The Pentagon says US military personnel in Syria are moving ahead with President Trump's order to pull out of the war-torn country. The US force in Syria has "begun the process of our deliberate withdrawal from Syria," said Col. Sean Ryan, spokesman for the for Combined Joint Task Force - Operation Inherent Resolve. More than 2,000 US troops are currently deployed in Syria.

News of the first steps of a withdrawal come as the US is negotiating with Turkey about guaranteeing protections for US-allied Kurdish fighters. Turkish President Recep Tayyip Erdogan's government considers the Kurdish YPG militia in Syria to be a terrorist organization linked to Kurdish separatist groups within Turkey.

On Friday, US national security adviser John Bolton said those talks will continue into next week.
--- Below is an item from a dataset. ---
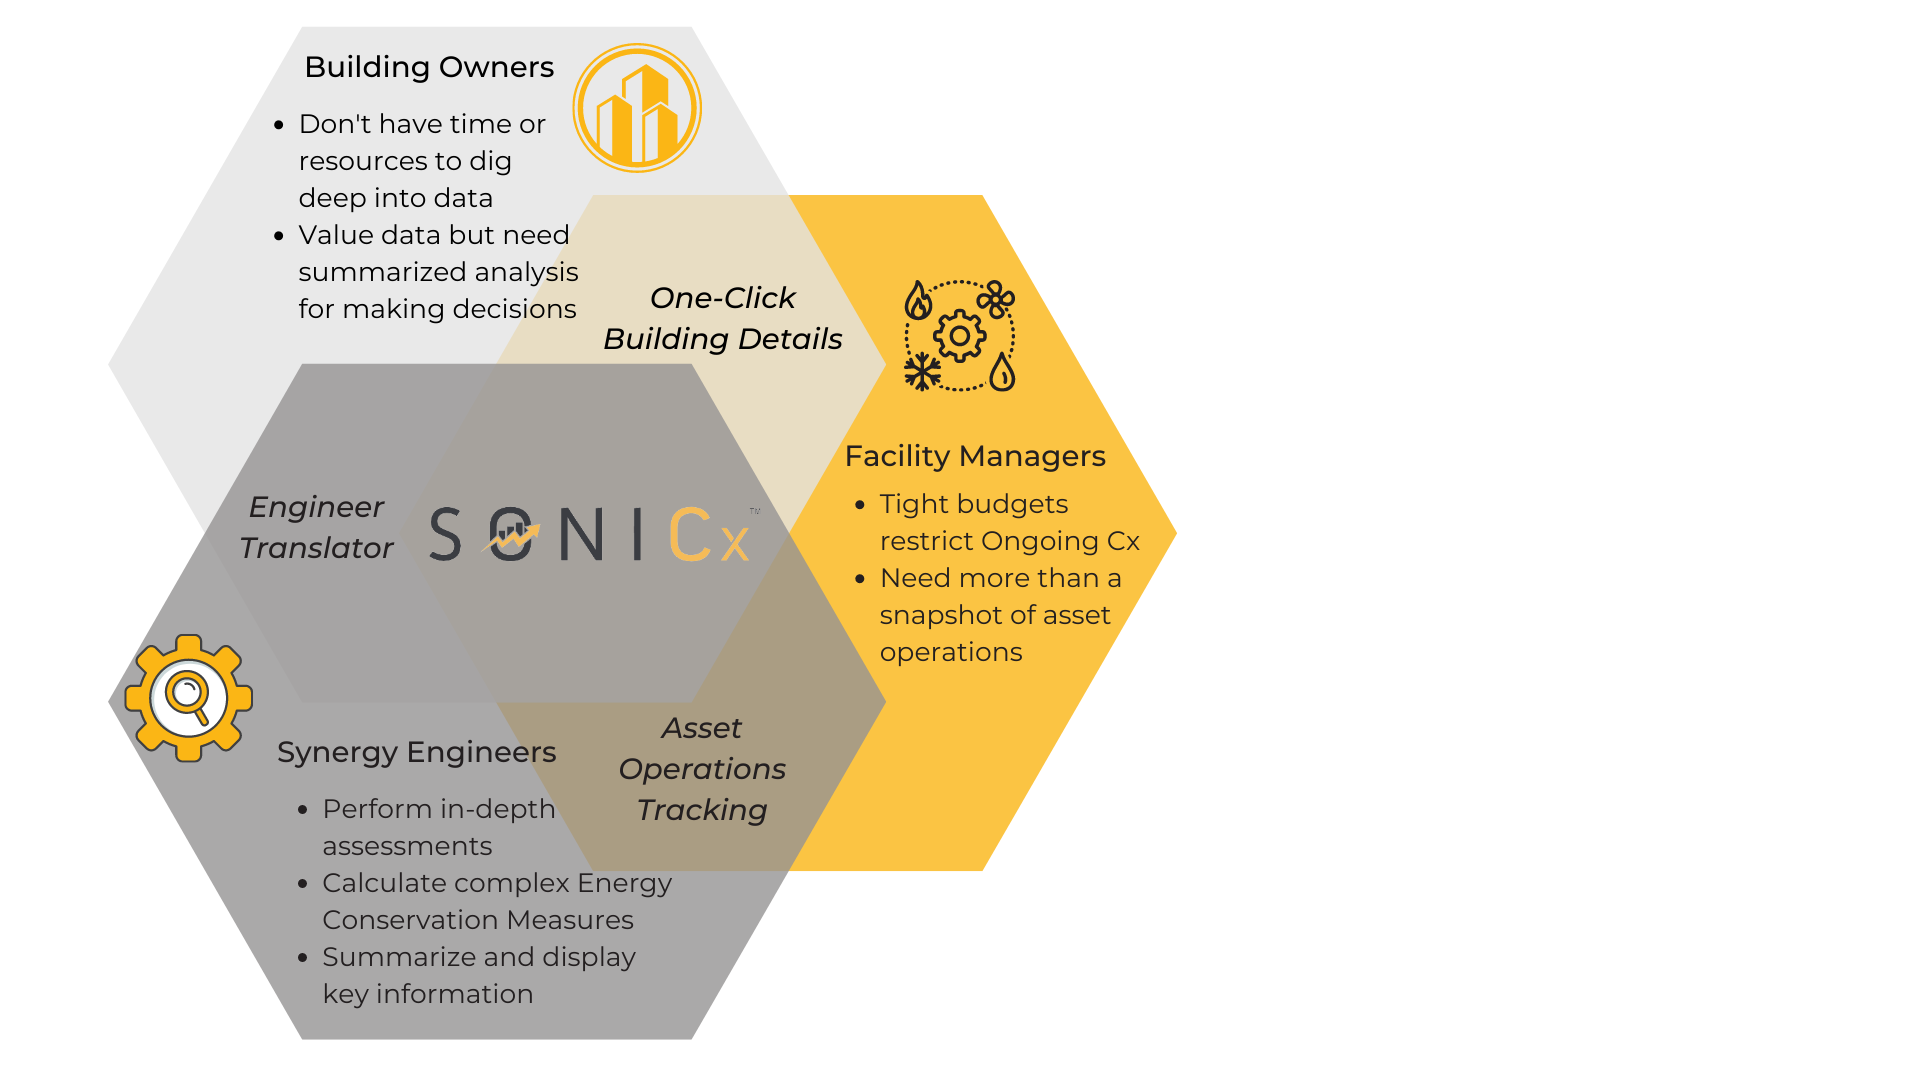 Building analytics to address issues proactively instead of reactively. SONICx - your engineer translator.

They're taking place even as Erdogan says his military is prepared for a possible operation in northern Syria.

Questions have swirled around the withdrawal order since Trump made the unexpected announcement last month. It also sparked criticisms that the US is pulling out of Syria before IS is truly defeated — abandoning America's Kurdish allies in the region, ceding hard-won influence to neighboring Turkey, and rewarding Russia's intervention alongside the Syrian regime.
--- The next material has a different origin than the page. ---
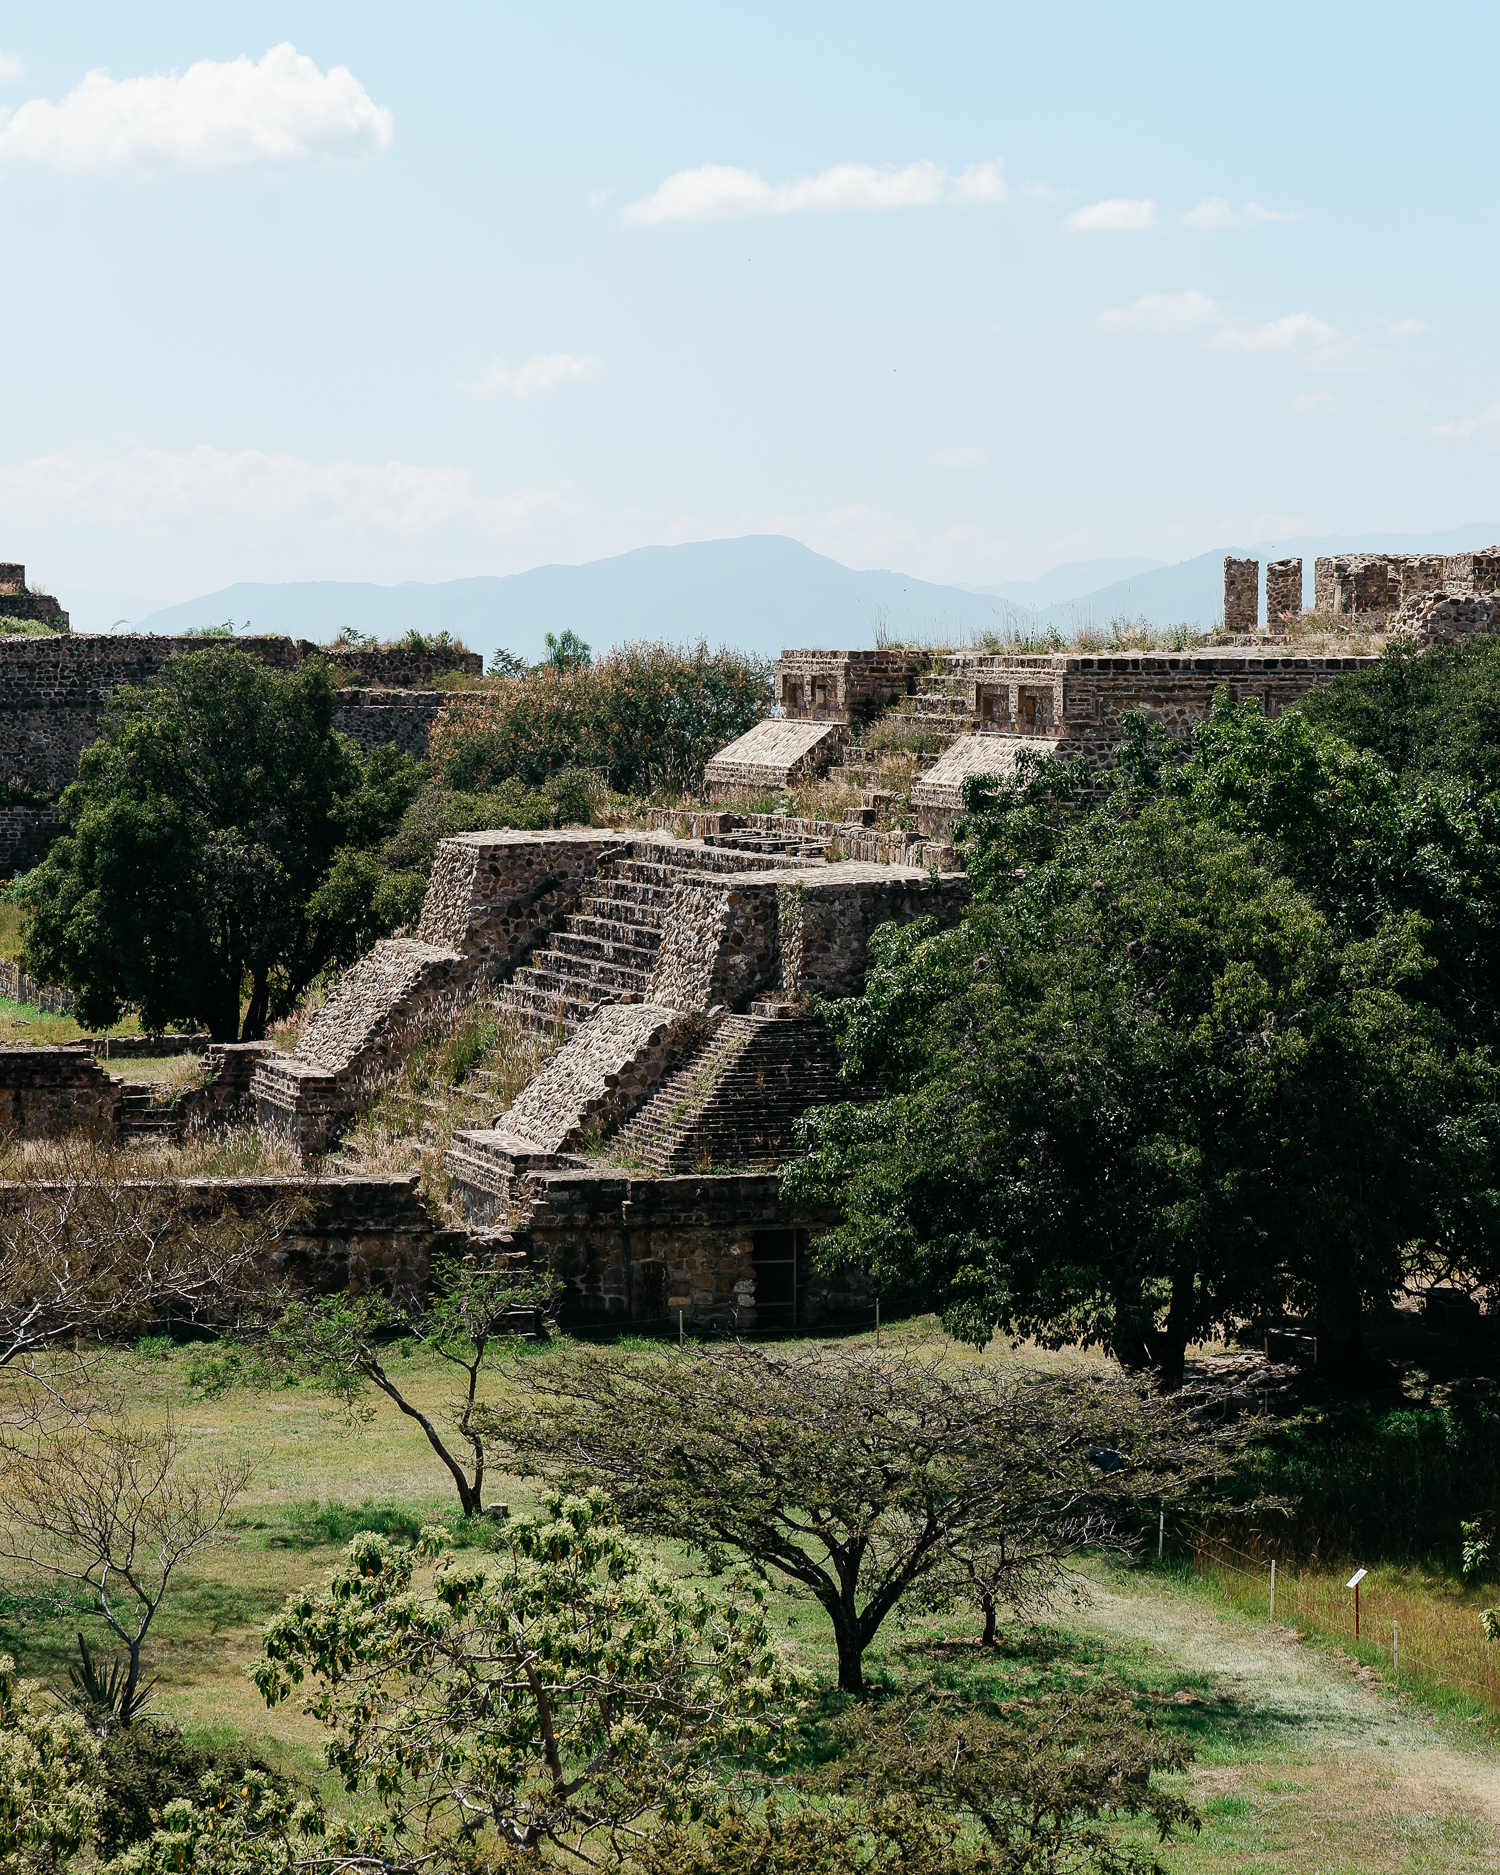 Explore the archaeological site of Monte Alban

Turkey welcomed Trump's surprise order to the Pentagon, while other US NATO allies said they received no notice. Within the Trump administration, disagreement over the pullout quickly led to the resignations of both Defense Secretary Jim Mattis and Brett McGurk, the president's special envoy to the coalition fighting IS.

The timeline for withdrawal has been the subject of shifting statements from the White House, which has been accused of sending mixed messages about its mission in Syria and its broader priorities in the Middle East.

Secretary of State Mike Pompeo is currently on an eight-day tour to try to ease concerns about Trump's policies in the region. On Thursday, Pompeo declared that the US is a "force for good" in the Middle East. On Friday, he told Egyptian state TV that the US will pull out of Syria as the president ordered, "but we'll do so in a way that makes sense, that is orderly, that does everything we can to ensure the security of those who fought alongside us defeating the caliphate inside of Syria."

Erdogan gave a speech to Parliament in which he rejected the idea that Turkey would not harm Kurdish fighters and said his country will allow no concessions in its war against terrorism.